A new pen, correction, a new fountain pen rolling over an old piece of paper, which happens to be an old diary. You have to do it, to feel the pleasure. Recently I was gifted a fountain pen by my loving husband and as it coincided with his birthday it assumed the status of ‘Return Gift’. My love for fountain pens dates back to my school days and somehow the rosy splendour of writing diary. Being a diarist, preserving expressions on this immortal piece of paper was the most rapacious and never satisfied part of me. So revisiting the yesteryears through an old diary, takes one down the foggy memory lane and makes relive the obscure moments. As I open this oldest diary in possession the page here dates 7/8 April and the year printed as 1994. Wow! as I write on this old memoir, I am exhilarated and taken back to the nostalgic times where I see myself as an fifteen year old, that year on this day. Here I bring you the excerpts of some old musings etched on this faded lines.
03rd Mar 94
I stand still, finding my pathway to peace
Dreaming of golden moments in a tranquil sea
When my heart will be filled with compassion
And when I’ll be really passionate about passion
I know you’ll be surprised. A fifteen year old talking of tranquility and peace but that was just a phase. Being raised in a strictly disciplinarian family, asceticism came naturally to me and that’s kind of okay but what went wrong was I was, may be too strained of that environment and felt scrupulously drained of emotions which was certainly not okay for a girl of that age. But as it is said, the onset of youth characterized by sweet sixteen for a girl’s age, bring changes which can be unfathomable at times…
To my dreams,
You look so radiant as never before
Drenched in a snow white glow as never before
I am blushing again as he adores
I am deep in love, tells me my core
Now does this require any explanation? I mean the transformation of thoughts. Alright let’s leave that aside and talk about the realization of love for one aged at sixteen. I guess most of us part of the sated generation have indelible memories of our first crush, Love I won’t say now. Down with the love fever I write again
Love is my strength when I am weak
Love is my voice when I can’t speak
Love is my sight when I can’t see
Love is the best I have in me
My world is better as I have love with me
The red blushing face, drenched in love fervor of a young girl of this age attracts attention instantly. The dancing hairs, sparkling eyes, the warmth of the crimsoning cheek, the effervescent smile, they speak it all. I continued to be in a world of my own which is so full of magical emotions of passion, romance, tenderness and joy.

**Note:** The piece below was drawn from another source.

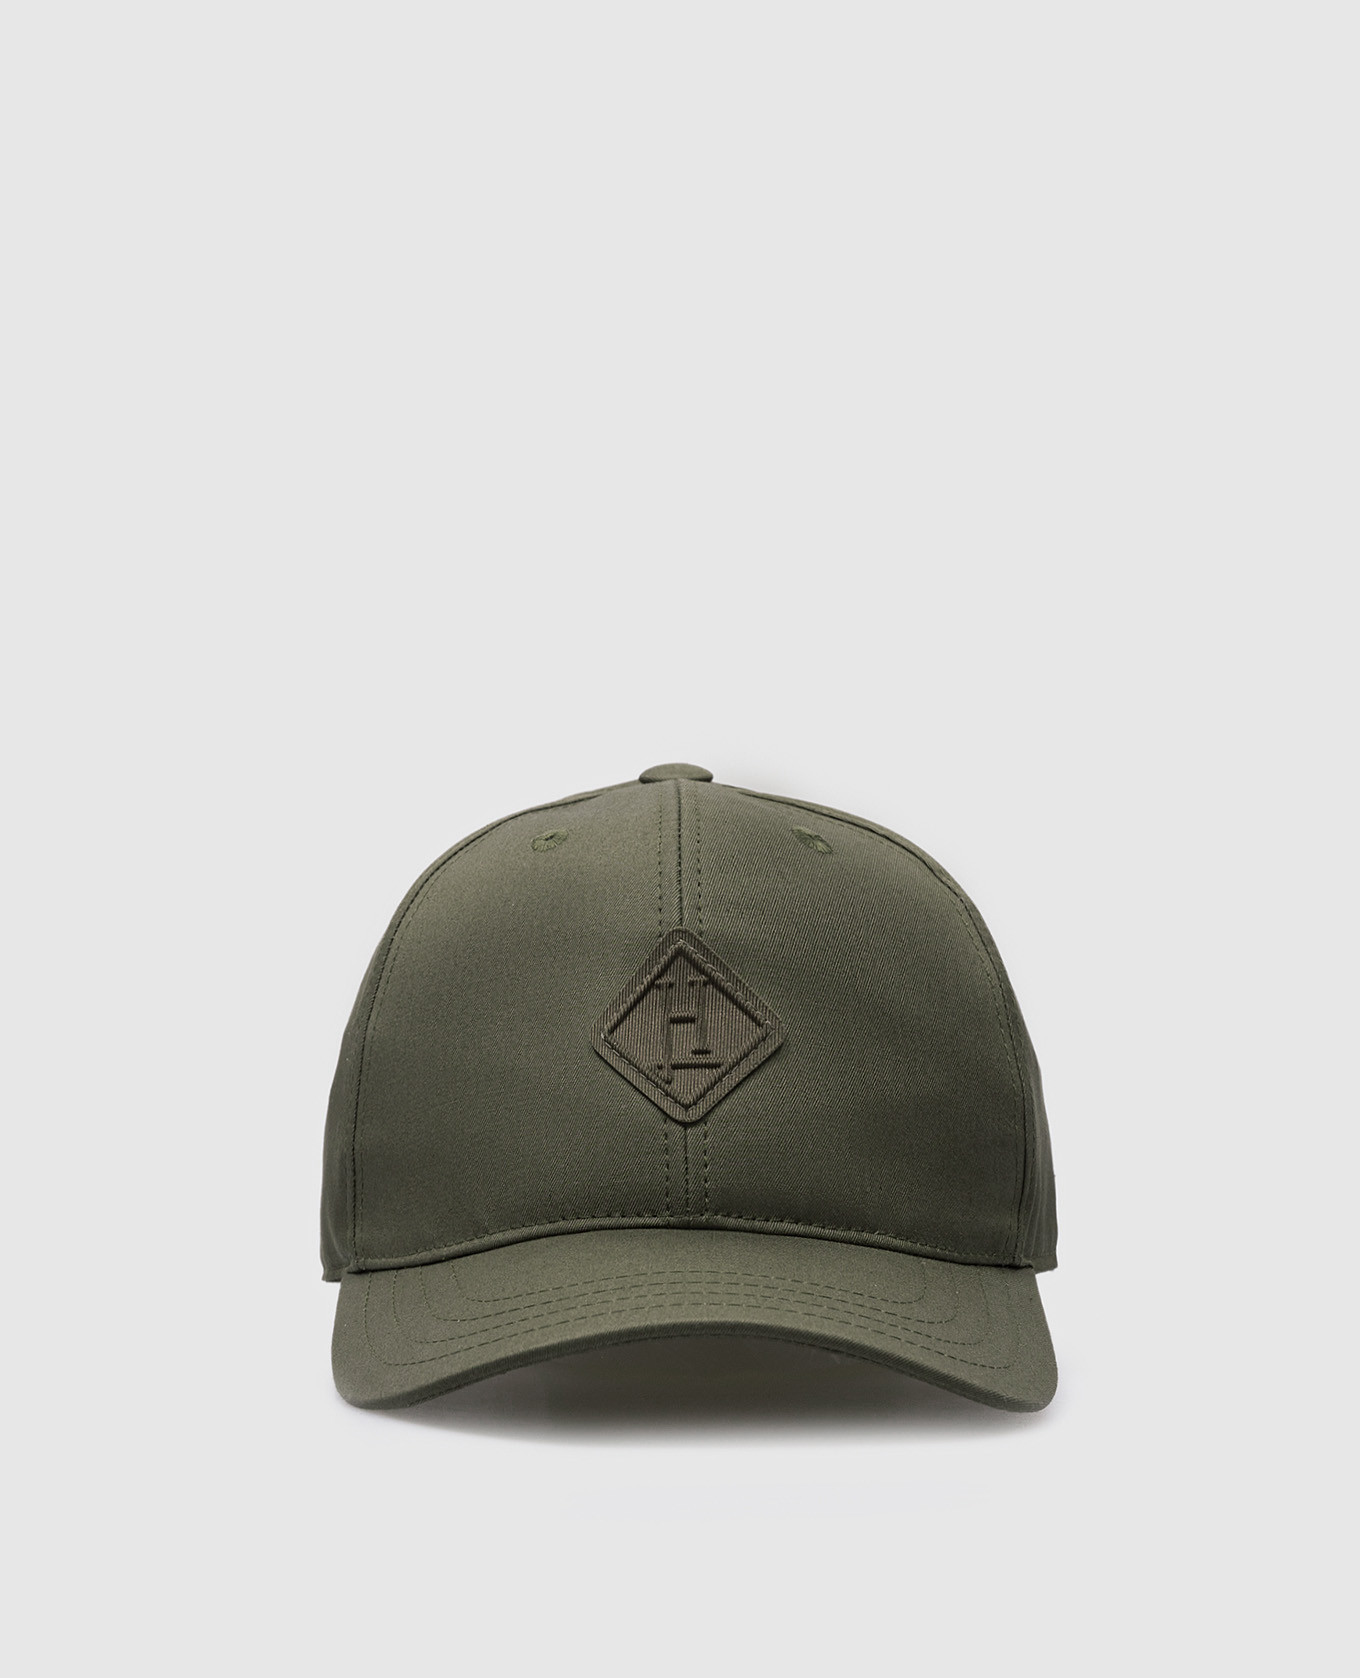 Khaki cap with logo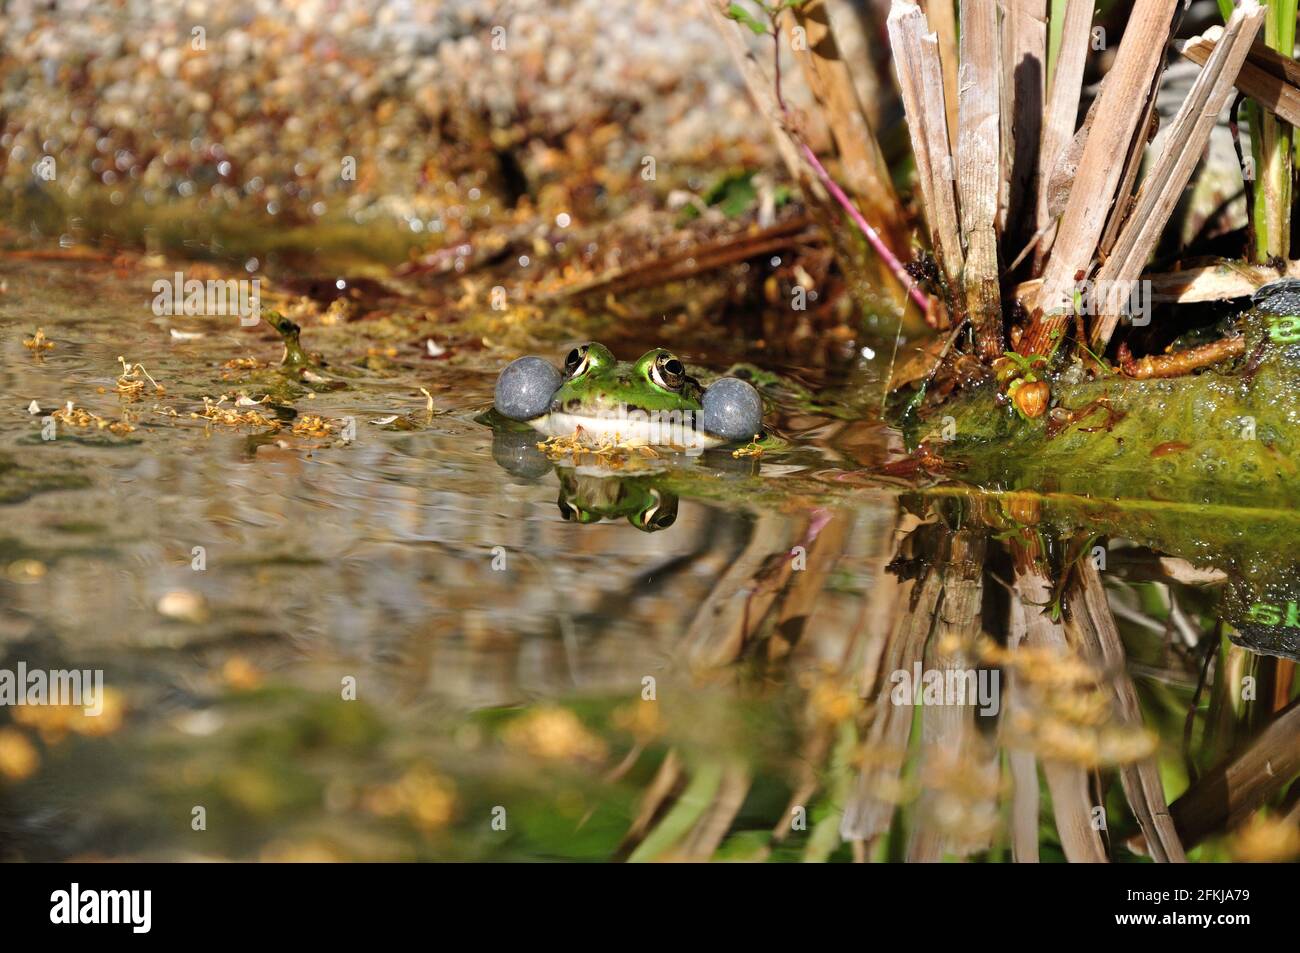 Ein Teichfrosch (Pelophylax) lässt es sich im Gartenteich gut gehen und verkündet von Zeit zu Zeit lautstark seine Anwesenheit. - A green frog (Peloph Stock Photo

‘O No! Not again’ she cries
An ecstasy was finished
She tried to resist but in a mist
A soul is frayed and it is repeated of late
Same agony prevails as it is aggravate
She rises up and falls down
To thousand chains when she is bound
Pathetic she lies, indolent she lies
Is that the way she dies?
‘No-No’ she cries again
But is she the same?
Uncannily she rises to tear the spell
Abated she rises to abate the hell
Nativity is reenacted but this time as hatred
Tintinnabulations fill the air
And tell the world ‘Be aware’
Agony is born and the disaster is on
To fill in the gaps, I had a ‘Black’ day in my life when sanctity of my body and soul was attempted. I was lucky for having escaped the situation with little hurt but it left me in a traumatic state. The stigma of having touched and forced upon stays with me even today. Though the magnitude of violation of my holiness was nothing as compared to what we often see these days, I am filled with sense of outrage when I see myself so enveloped with such issues almost everyday. Being aware of such crimes increasing in the society, I feel I have an important role to play, as i am a mother of two sons and its my moral duty to groom my sons to respect the being of a woman. I have a task at hand to educate them so that not just they grow as sensitive human beings but also spread their values for the wellness of the world. Let us groom our sons before teaching other's daughters what to wear and how to behave.
A diary is full of so many colours as it reflects life and its vividness. Try and preserve your times, good or bad, to enjoy your today even tomorrow.